I may stumble and fall sometimes (and I've had a couple of episodes of trying days and mood swings already since making my decision), but that doesn't mean I ought to viscerally and immediately react to them and destroy my resolve to stick to my program in the process.
I feel hopeful.
Tuesday, December 27, 2022
a bit of a religious twist
I'm a believer in the Gematria of the Hebrew script and equi-distancing it into rows and columns of matrices that are allowed to commute and rearrange until something sensible comes along. -spoiler alert: Hitler is in there. so, is Wilbert.
...Waldo
Saturday, October 29, 2022
a stanza...
...by Siegfried Sassoon. -From whom I still care deeply about, thusly:
What share we most—we two together?
Smells, and awareness of the weather.
What is it that makes us more than dust?
My trust in h[er]; in me, h[er] trust. [-sorry Sassoon. Jpt]
Monday, October 17, 2022
Cassandra Syndrome
I'm pretty sure I have the Asperger's Syndrome. I seem to be able to follow instructions well enough to perform the required tasks at a high degree of performance. Mathematics, linguistics, art, I can do as demanded.
But I seem to have a hard time engaging with people at the personal level. People, to me, are avatars (fictional characters) that I cannot take seriously unless I know them personally.
Sunday, July 24, 2022
This is my brother, Aimo
despite our different last names, he and I are brothers according to our genetics.
so proud of you.

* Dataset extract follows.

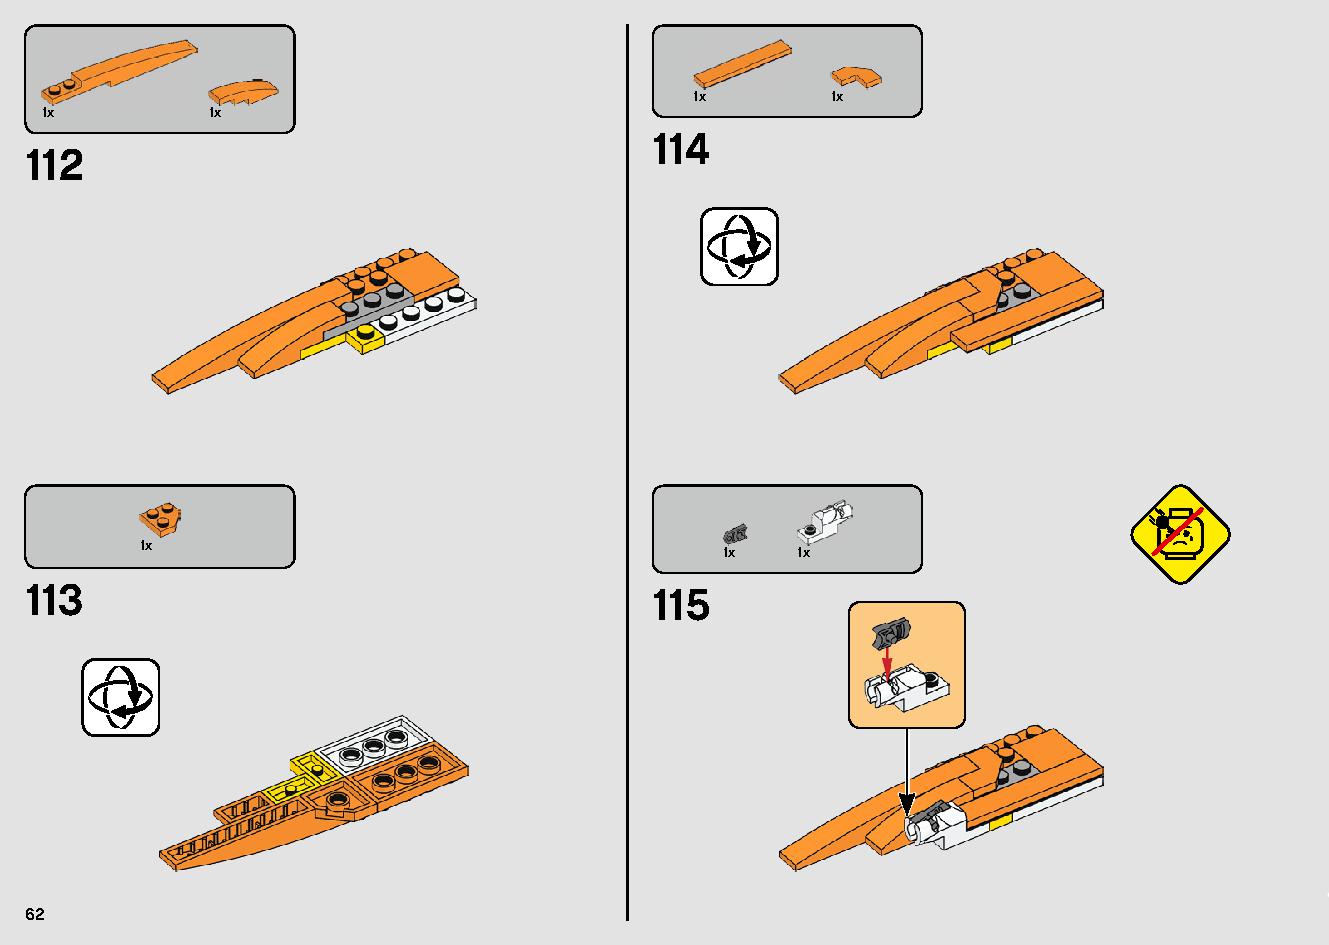 Poe Dameron's X-wing Fighter 75273 LEGO information LEGO instructions 62 page

You are totally amazing.
Wednesday, March 23, 2022
RIP Philip, my brother
I was devastated to learn of your passing, my excellent friend. And, then, a thought occurred to me: you were always curious and wondered about all things that came across your awareness (significant and interesting things to discuss during our hours-long sit-down sessions), maybe you were intrigued by what was on the other side and you went searching.
That is how I want to remember you, brother Philip. A kindred spirit. Rest in peace, my love.